→ DATASET CONTENT:
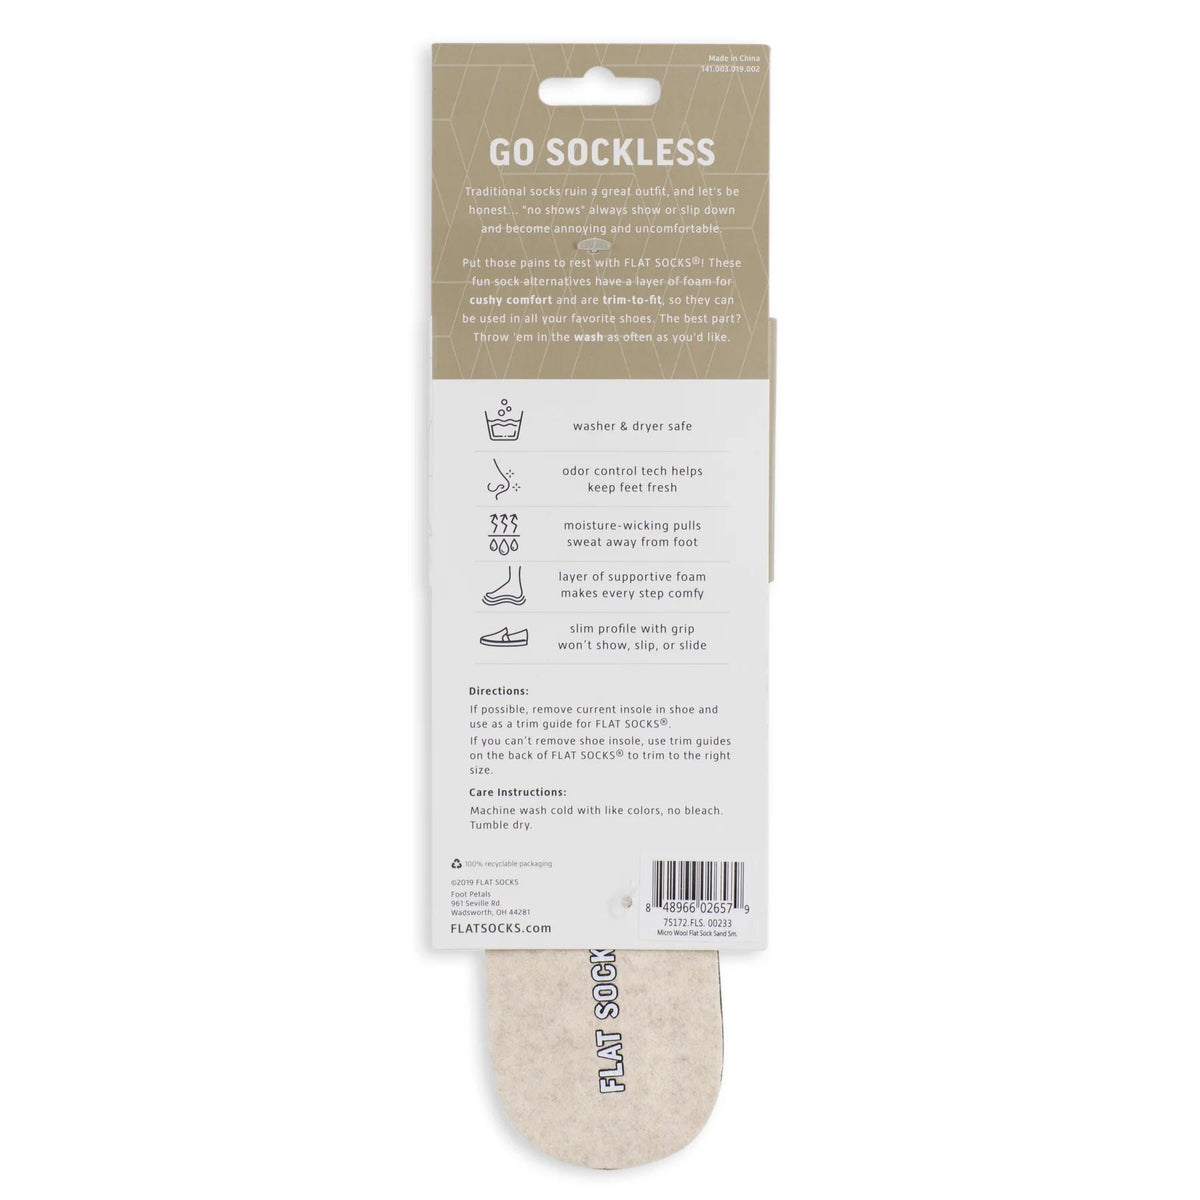 Packaging of FLAT SOCKS SAND MICRO WOOL - WOMENS odor control shoe inserts featuring trim-to-fit design, displaying product features and usage instructions.
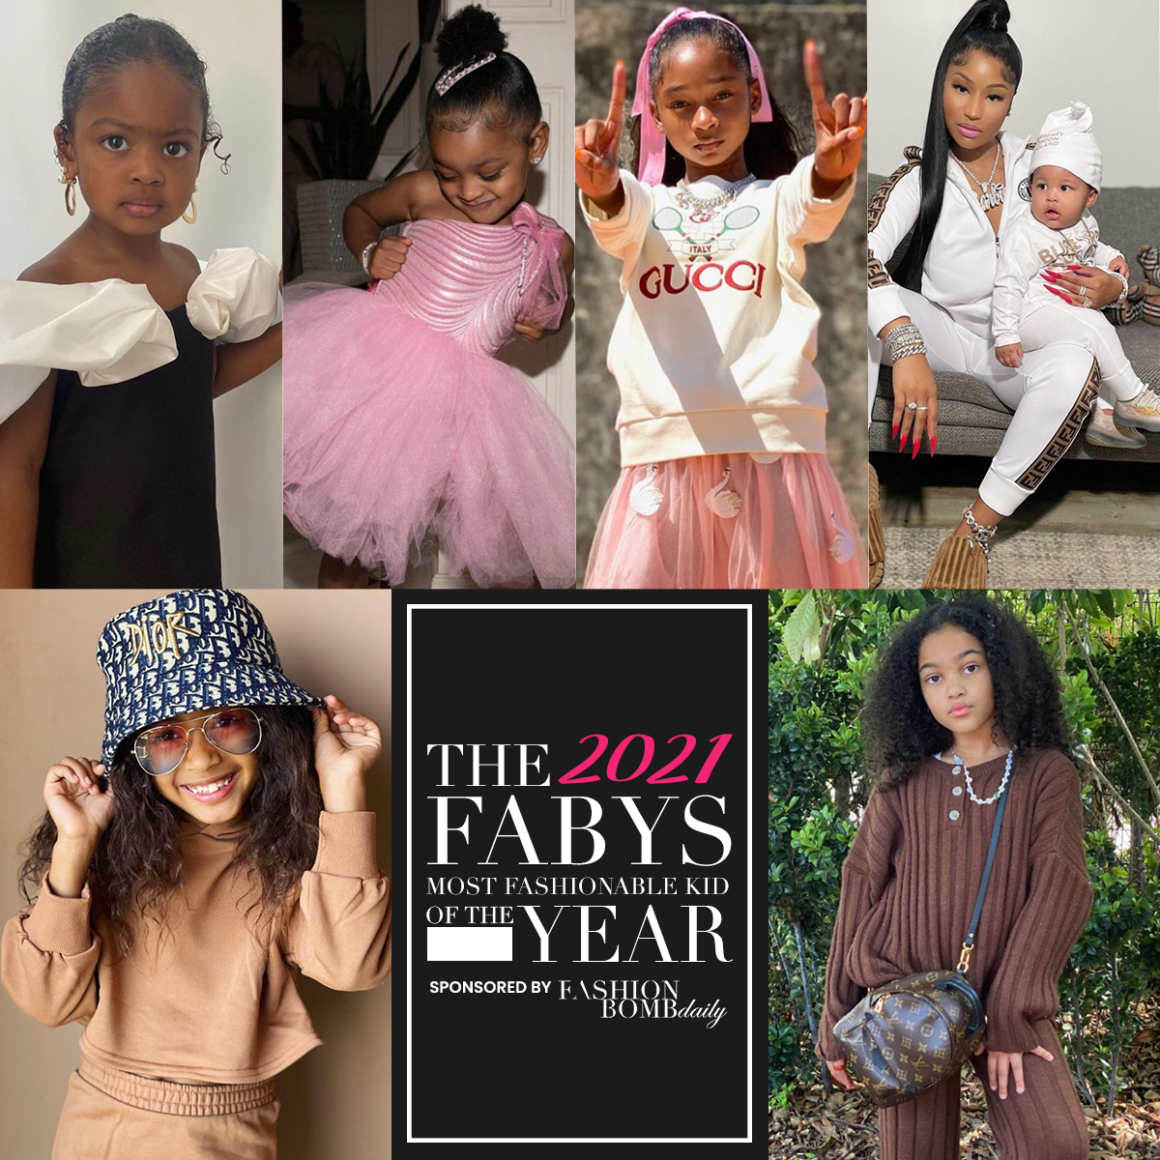 The Fabys Best of 2021 Most Fashionable Kid Featuring Lay Lay Kaavia James Kulture More7
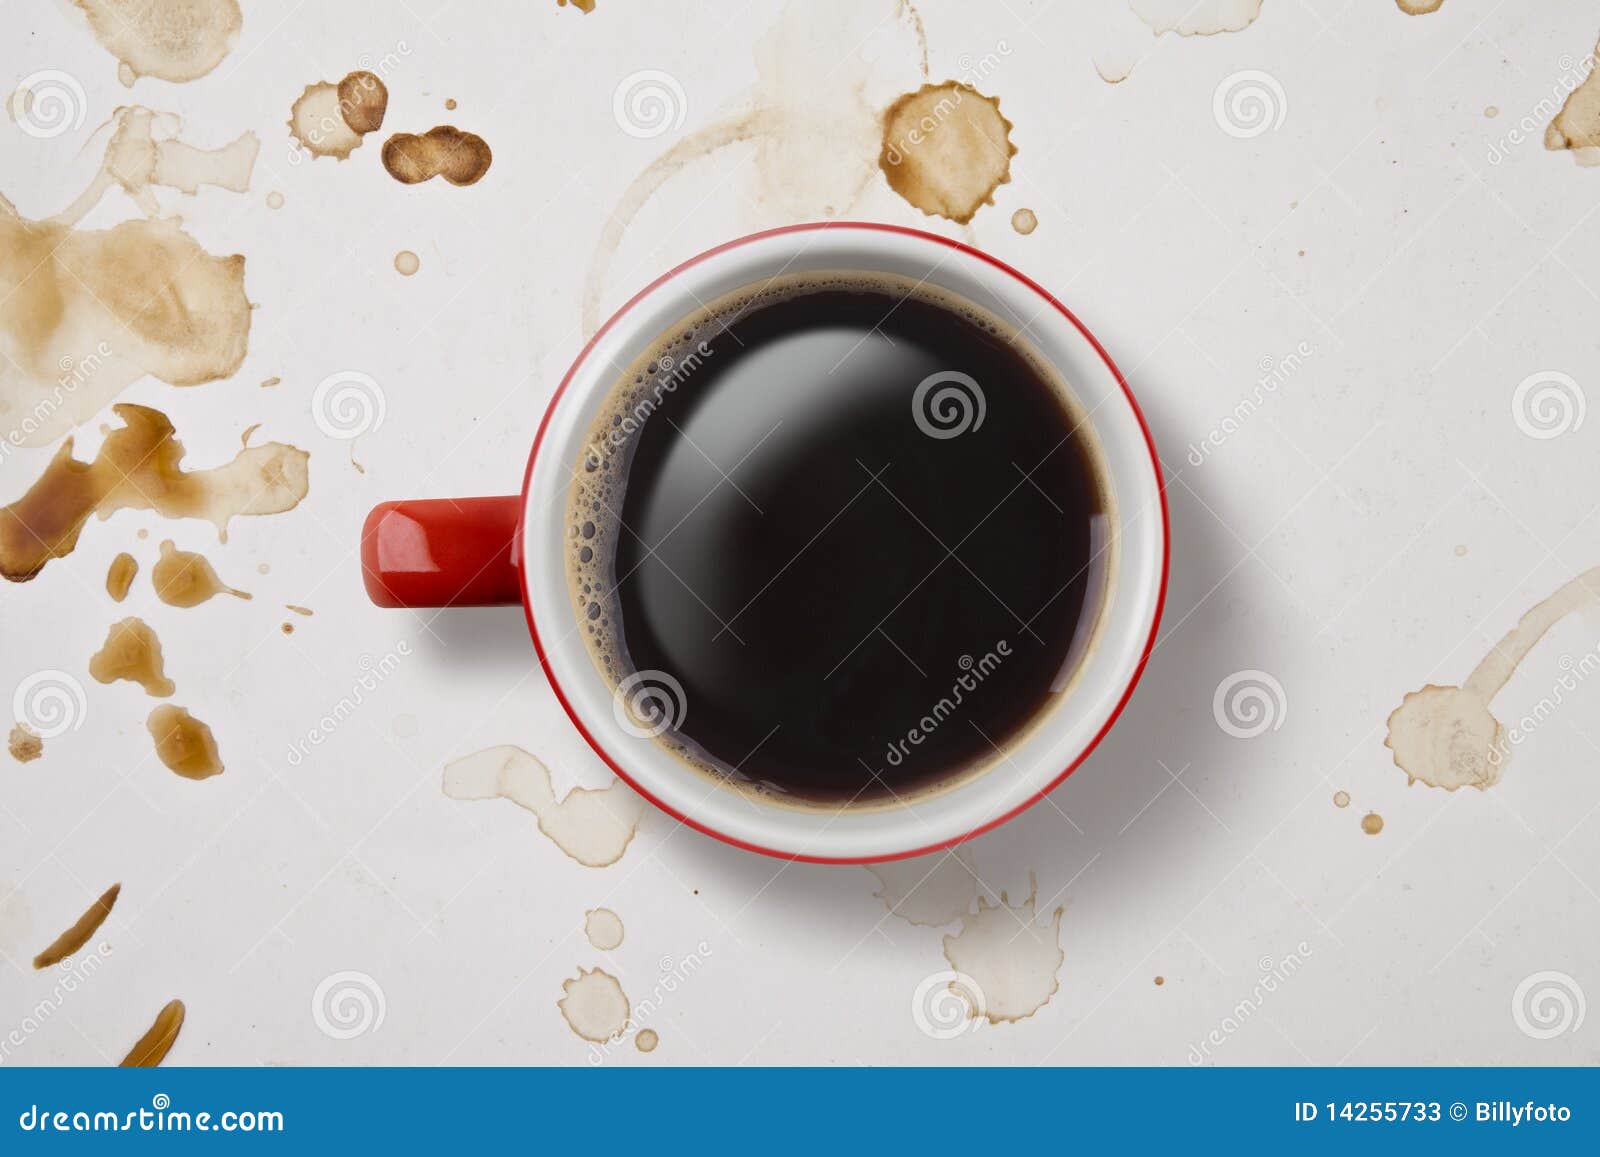 https://thumbs.dreamstime.com/z/cup-coffee-shot-above-14255733.jpg
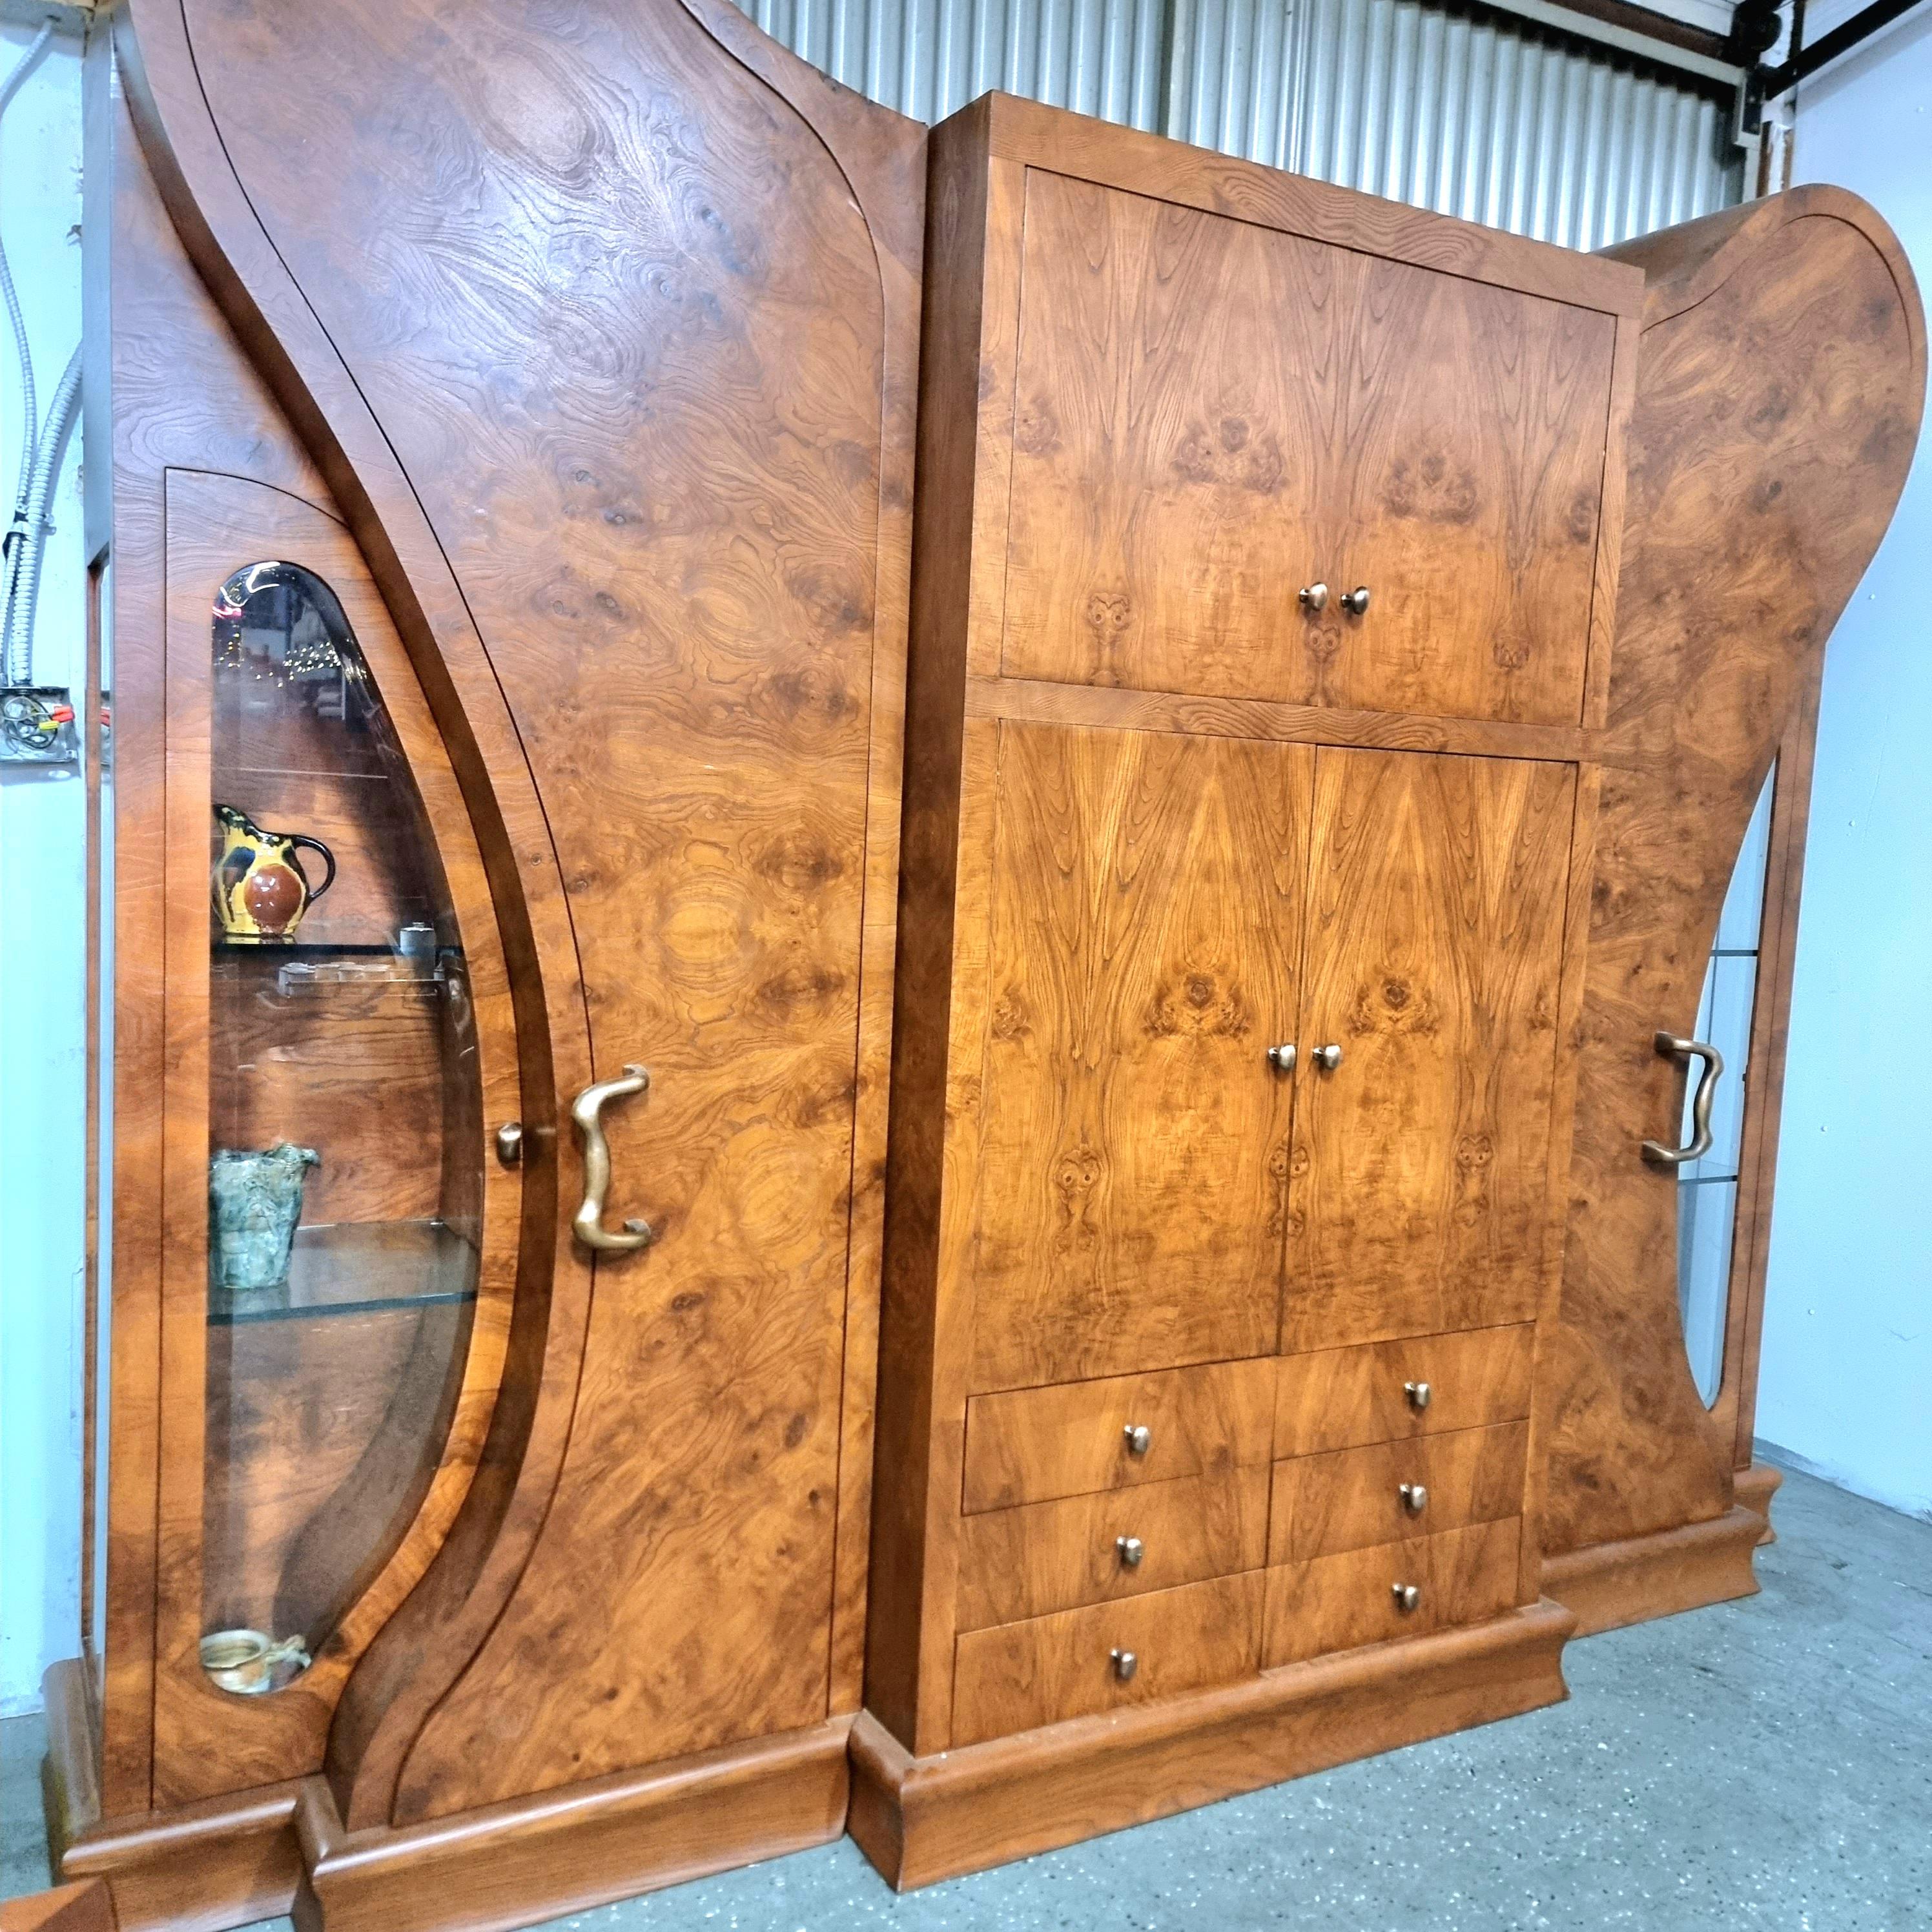 
A unique, one of a kind, original burl wood wall unit/ entertainment center. This unique piece is of the highest quality. It features gorgeous burl wood doors, 2 glass side panels that display with 2 adjustable glass shelves, and in the center 2

→ REQUIRED ACTION: Everything in the data except the pictures needs to be written out exactly.

→ RESULT:
 Packaging of FLAT SOCKS SAND MICRO WOOL - WOMENS odor control shoe inserts featuring trim-to-fit design, displaying product features and usage instructions.
 The Fabys Best of 2021 Most Fashionable Kid Featuring Lay Lay Kaavia James Kulture More7
 https://thumbs.dreamstime.com/z/cup-coffee-shot-above-14255733.jpg
A unique, one of a kind, original burl wood wall unit/ entertainment center. This unique piece is of the highest quality. It features gorgeous burl wood doors, 2 glass side panels that display with 2 adjustable glass shelves, and in the center 2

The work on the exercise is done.